Meta has acquired Singapore-based agentic AI startup Manus for over $2 billion, signaling a shift from conversational AI to autonomous systems across WhatsApp, Instagram, and Facebook.

China has launched an official regulatory assessment of Meta’s acquisition of Manus, an artificial intelligence startup with historical ties to China. The move reflects intensifying global oversight of cross-border AI transactions and sensitive technology flows.

China’s Ministry of Commerce confirmed that the deal is being examined to ensure it aligns with national regulations governing foreign investment and the export of advanced technologies.

Meta’s High-Value AI Acquisition Draws Attention

Meta revealed late last year that it had agreed to acquire Manus as part of a broader push to strengthen AI capabilities across its major platforms, including WhatsApp, Facebook, and Instagram.

Although Meta did not publicly disclose the transaction value, industry estimates place Manus’ valuation at more than $2 billion, positioning the deal among Meta’s most substantial investments in artificial intelligence.

Regulators Say Review Is Broader Than Meta

Chinese officials emphasised that the investigation is not directed solely at Meta, but forms part of a wider regulatory effort to monitor foreign acquisitions, technology exports, and strategic investments involving cutting-edge technologies.

Multiple government agencies are involved in the review, which will focus on whether Manus complied with Chinese regulations during its relocation and global expansion.

Company’s Origins Trigger Ongoing Oversight

Manus was established by Chinese founders, with parts of its AI technology originally developed within China, before the company later moved its headquarters to Singapore.
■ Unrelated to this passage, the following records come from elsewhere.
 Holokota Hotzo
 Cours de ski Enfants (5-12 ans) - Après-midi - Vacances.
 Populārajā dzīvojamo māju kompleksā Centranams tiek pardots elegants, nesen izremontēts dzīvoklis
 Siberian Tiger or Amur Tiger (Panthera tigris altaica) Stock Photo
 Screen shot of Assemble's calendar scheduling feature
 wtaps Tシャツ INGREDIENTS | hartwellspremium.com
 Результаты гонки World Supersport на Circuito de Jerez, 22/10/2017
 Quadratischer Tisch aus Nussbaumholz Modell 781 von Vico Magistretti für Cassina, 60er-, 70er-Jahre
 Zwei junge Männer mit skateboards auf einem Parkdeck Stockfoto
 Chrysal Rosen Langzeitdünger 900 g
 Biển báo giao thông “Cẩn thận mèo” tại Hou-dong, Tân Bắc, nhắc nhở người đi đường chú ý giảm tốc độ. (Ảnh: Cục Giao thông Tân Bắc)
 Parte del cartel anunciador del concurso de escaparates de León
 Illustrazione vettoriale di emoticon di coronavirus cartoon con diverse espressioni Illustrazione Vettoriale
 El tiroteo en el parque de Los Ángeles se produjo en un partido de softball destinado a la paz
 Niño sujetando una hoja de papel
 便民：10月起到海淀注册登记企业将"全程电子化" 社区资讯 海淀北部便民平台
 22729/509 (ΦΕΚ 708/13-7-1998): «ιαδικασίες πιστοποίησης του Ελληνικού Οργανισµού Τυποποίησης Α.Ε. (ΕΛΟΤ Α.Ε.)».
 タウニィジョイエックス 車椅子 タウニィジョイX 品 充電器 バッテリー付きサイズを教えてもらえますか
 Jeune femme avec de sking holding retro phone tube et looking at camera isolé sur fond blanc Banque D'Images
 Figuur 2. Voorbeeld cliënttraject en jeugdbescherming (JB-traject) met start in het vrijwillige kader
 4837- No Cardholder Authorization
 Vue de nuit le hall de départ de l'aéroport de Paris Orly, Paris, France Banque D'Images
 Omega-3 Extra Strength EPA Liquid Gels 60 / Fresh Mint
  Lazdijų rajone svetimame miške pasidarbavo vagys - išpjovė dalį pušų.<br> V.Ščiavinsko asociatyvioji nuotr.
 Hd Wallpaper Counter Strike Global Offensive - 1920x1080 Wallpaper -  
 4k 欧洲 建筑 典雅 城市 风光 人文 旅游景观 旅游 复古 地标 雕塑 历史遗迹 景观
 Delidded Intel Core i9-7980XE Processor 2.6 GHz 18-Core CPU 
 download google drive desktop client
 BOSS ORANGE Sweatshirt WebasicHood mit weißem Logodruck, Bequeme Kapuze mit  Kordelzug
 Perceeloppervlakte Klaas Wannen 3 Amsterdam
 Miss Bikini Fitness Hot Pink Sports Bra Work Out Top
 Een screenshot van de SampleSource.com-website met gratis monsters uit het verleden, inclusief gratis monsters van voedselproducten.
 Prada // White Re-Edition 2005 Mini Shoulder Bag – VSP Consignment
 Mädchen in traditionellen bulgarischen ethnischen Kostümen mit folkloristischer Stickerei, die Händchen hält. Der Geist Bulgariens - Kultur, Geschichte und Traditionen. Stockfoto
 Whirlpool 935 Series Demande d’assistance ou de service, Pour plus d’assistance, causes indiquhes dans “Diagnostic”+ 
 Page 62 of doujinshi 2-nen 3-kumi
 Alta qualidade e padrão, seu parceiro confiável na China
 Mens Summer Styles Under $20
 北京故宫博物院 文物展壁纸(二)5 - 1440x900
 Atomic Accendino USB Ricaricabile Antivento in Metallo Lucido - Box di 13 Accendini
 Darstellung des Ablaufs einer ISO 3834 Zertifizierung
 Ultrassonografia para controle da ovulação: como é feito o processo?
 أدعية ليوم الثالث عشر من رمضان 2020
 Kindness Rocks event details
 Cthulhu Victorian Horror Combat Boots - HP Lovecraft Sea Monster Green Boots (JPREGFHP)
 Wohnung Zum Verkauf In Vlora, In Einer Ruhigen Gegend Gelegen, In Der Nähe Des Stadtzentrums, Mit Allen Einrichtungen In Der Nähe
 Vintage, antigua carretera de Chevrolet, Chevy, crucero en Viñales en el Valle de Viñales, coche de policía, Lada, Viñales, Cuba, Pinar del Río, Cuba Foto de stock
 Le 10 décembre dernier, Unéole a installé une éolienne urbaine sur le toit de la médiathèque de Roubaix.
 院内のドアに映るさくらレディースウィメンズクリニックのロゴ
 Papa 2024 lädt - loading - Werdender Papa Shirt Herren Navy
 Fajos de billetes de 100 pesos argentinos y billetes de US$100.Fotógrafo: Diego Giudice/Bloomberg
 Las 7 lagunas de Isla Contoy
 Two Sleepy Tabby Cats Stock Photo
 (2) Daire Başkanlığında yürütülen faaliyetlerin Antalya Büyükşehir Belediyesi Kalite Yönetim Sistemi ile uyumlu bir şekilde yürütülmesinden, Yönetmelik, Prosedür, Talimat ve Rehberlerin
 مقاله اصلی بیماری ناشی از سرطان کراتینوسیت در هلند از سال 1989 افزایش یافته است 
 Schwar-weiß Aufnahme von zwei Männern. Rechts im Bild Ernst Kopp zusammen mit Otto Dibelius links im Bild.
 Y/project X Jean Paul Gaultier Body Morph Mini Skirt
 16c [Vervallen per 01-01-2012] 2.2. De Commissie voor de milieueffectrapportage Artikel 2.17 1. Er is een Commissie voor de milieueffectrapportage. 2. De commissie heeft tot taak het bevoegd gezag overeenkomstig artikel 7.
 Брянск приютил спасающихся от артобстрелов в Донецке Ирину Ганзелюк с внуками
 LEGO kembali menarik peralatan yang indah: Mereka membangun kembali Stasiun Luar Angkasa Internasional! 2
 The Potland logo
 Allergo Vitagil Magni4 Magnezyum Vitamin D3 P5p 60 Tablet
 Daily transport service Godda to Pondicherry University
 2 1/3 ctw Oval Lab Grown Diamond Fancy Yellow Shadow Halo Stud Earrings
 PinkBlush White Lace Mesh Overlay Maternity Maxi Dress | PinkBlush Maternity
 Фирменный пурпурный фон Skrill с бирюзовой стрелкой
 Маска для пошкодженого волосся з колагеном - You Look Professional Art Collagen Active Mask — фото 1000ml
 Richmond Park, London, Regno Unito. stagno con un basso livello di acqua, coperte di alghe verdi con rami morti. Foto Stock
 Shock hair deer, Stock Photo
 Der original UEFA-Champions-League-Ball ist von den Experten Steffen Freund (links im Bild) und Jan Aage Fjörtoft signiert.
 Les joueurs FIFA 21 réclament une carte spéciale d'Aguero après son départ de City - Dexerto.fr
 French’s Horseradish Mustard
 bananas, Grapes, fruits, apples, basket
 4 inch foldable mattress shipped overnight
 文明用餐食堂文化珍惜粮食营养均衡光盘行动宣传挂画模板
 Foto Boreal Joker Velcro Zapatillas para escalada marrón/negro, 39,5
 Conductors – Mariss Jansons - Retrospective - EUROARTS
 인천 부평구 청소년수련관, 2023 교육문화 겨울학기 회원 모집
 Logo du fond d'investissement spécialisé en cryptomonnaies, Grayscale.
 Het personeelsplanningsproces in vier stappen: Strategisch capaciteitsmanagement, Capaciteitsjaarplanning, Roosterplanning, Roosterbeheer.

Despite the relocation, Chinese laws may still apply, as certain high-end AI technologies fall under strict export control frameworks. Regulators are investigating whether any proprietary technology, expertise, or intellectual property was transferred abroad without appropriate authorisation.

Authorities have stressed that the review centres on legal and regulatory compliance, rather than ownership or geopolitical considerations.

Meta has stated that following completion of the acquisition, Manus will have no remaining Chinese ownership and will fully discontinue operations in China.

What This Means for Meta and the AI Industry

For Meta, the review introduces potential delays and uncertainty around integration timelines, but it does not automatically jeopardise the transaction.

Regulatory reviews of this nature typically result in one of three outcomes:

  • Approval without conditions
  • Approval subject to regulatory requirements
  • Extended review or procedural delays

The situation illustrates how AI startups can remain subject to the laws of jurisdictions where their technologies were initially developed, even after relocating operations overseas.

Governments Reclassify AI as Strategic Infrastructure

Analysts say the case highlights a growing global trend: artificial intelligence is increasingly viewed as strategic national infrastructure, comparable to energy systems, telecommunications networks, or defence technologies.

As a result, governments are strengthening oversight of how AI tools are created, transferred, and commercialised across borders, particularly when national security or economic competitiveness is at stake.

Conclusion

China’s review of Meta’s acquisition of Manus underscores the rising regulatory and geopolitical complexity shaping the global AI industry. As artificial intelligence becomes central to national strategies worldwide, technology companies pursuing international acquisitions are likely to face deeper scrutiny. The outcome of this case could influence how future cross-border AI deals are structured and approved.